*Recorded information:*
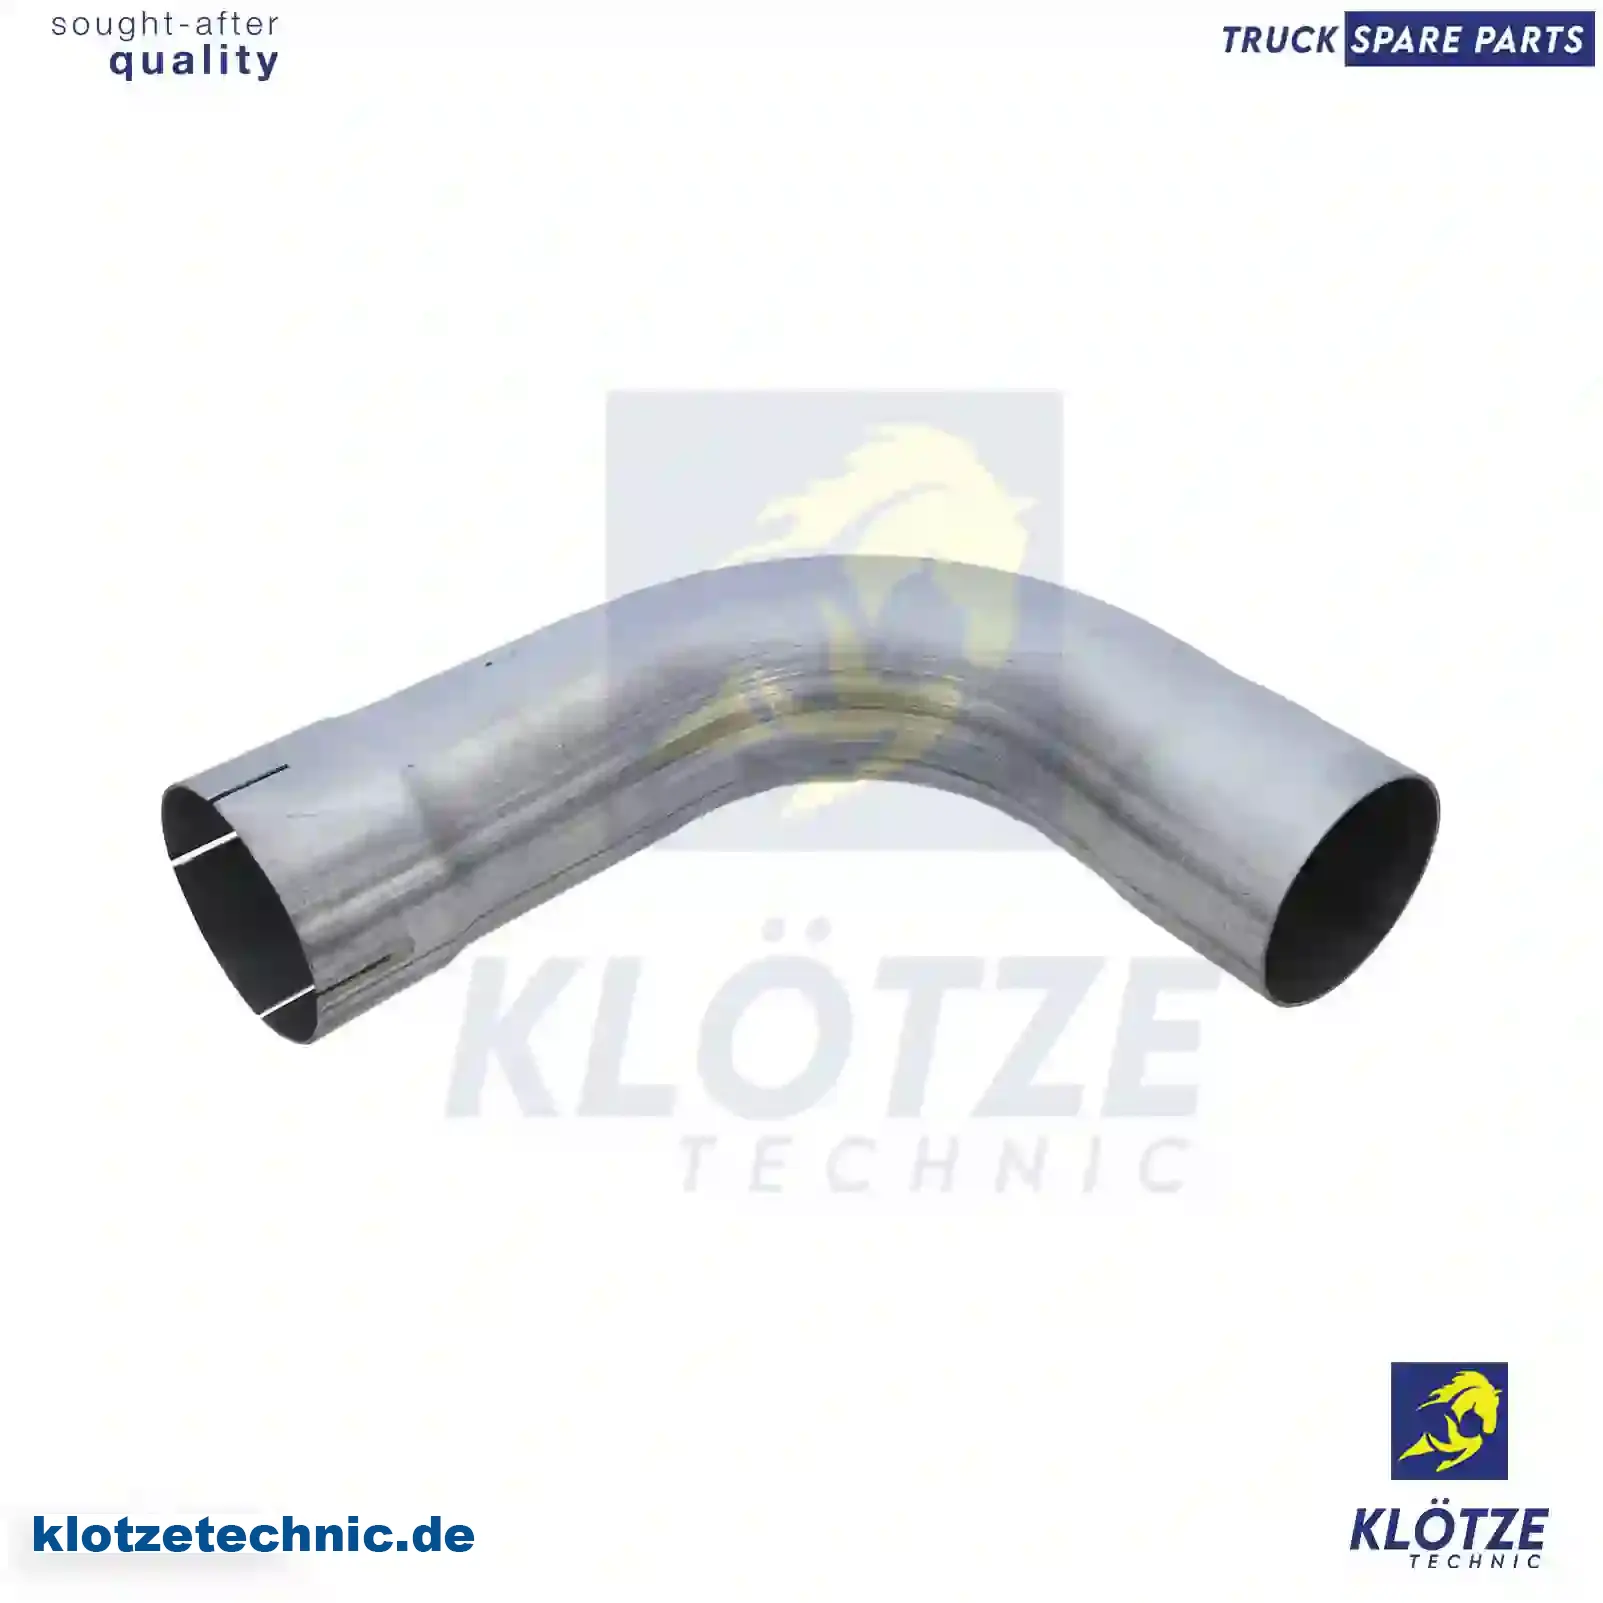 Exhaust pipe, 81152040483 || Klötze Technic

---

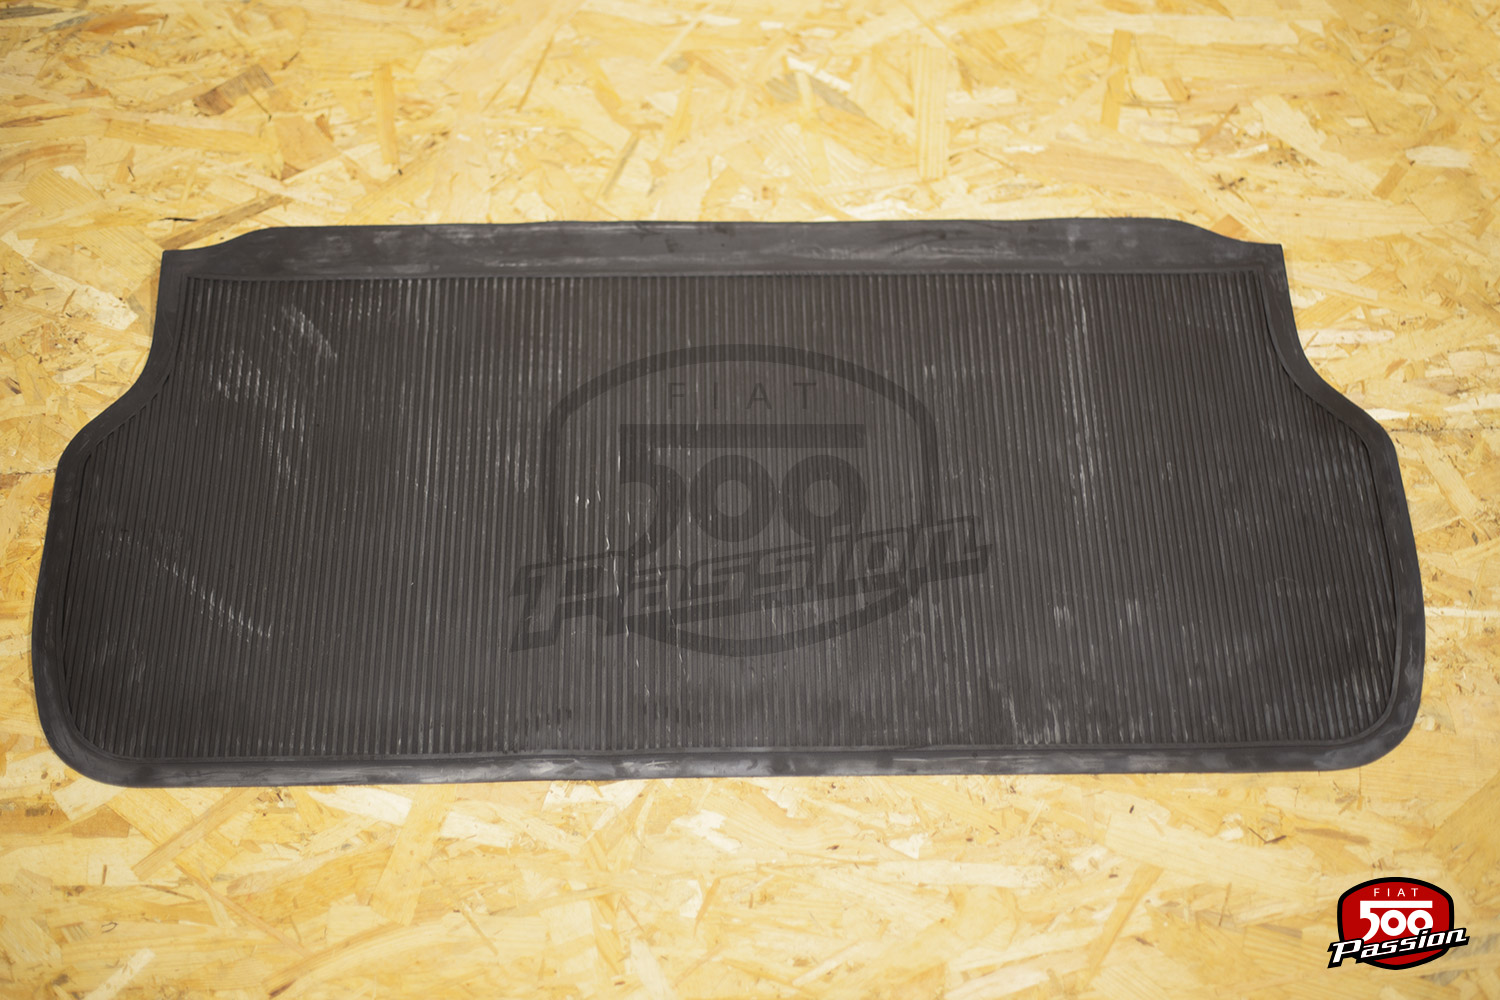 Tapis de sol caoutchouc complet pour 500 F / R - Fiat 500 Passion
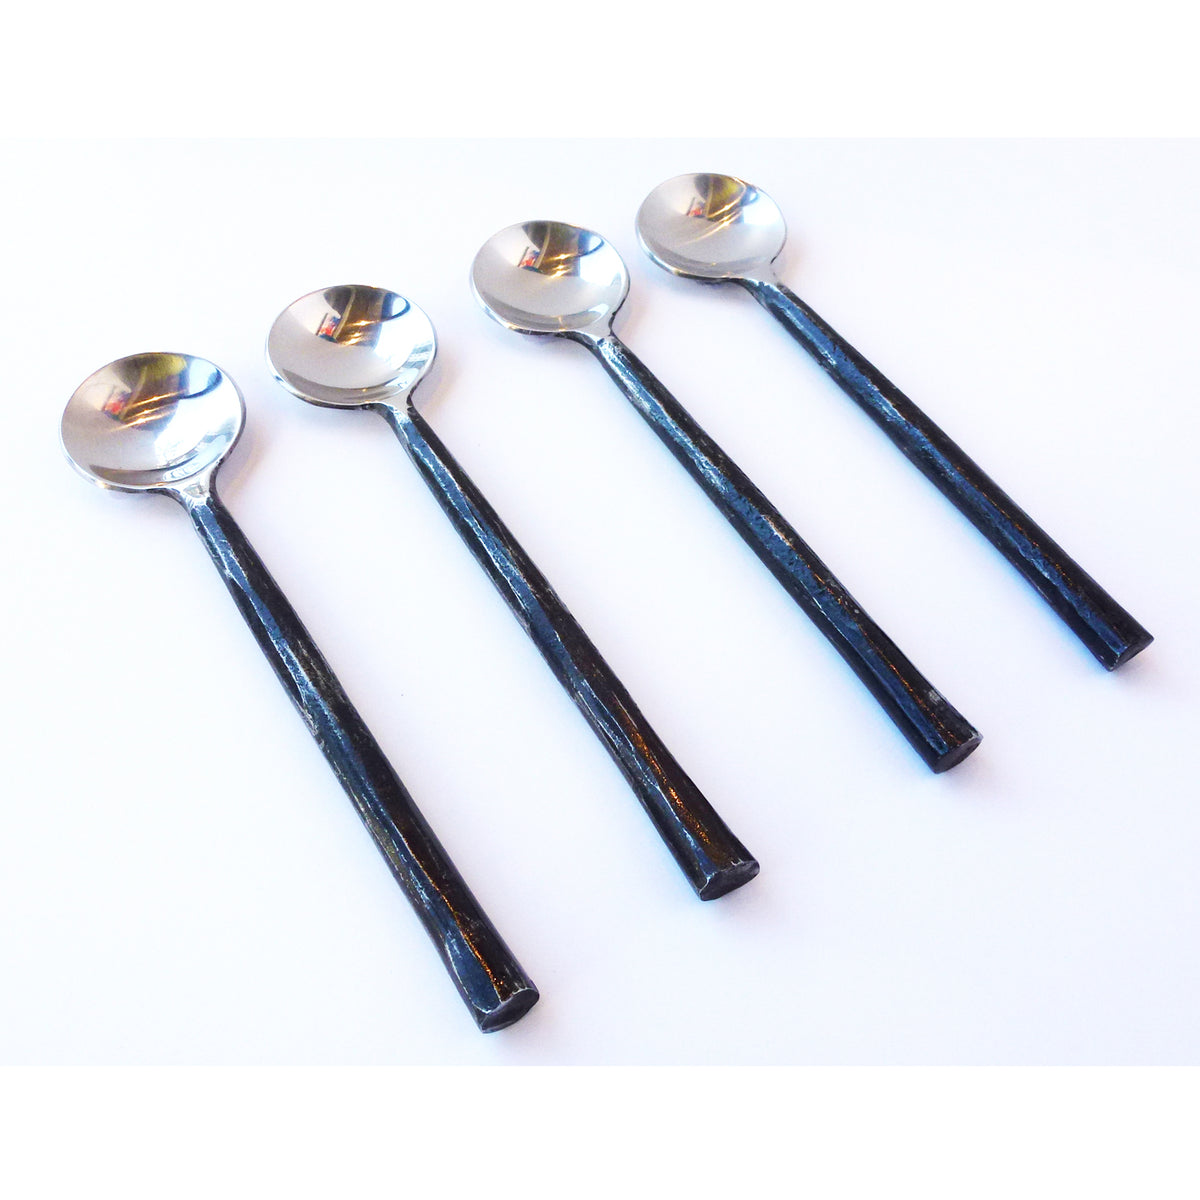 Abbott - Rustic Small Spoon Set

*Description of the task:* In the entries above, which lines run from the one with "Tapis de sol" up to and including the one with "Abbott - Rustic Small Spoon Set"? Write them out exactly, without the pictures.

*Answer box:*
 Tapis de sol caoutchouc complet pour 500 F / R - Fiat 500 Passion
 Abbott - Rustic Small Spoon Set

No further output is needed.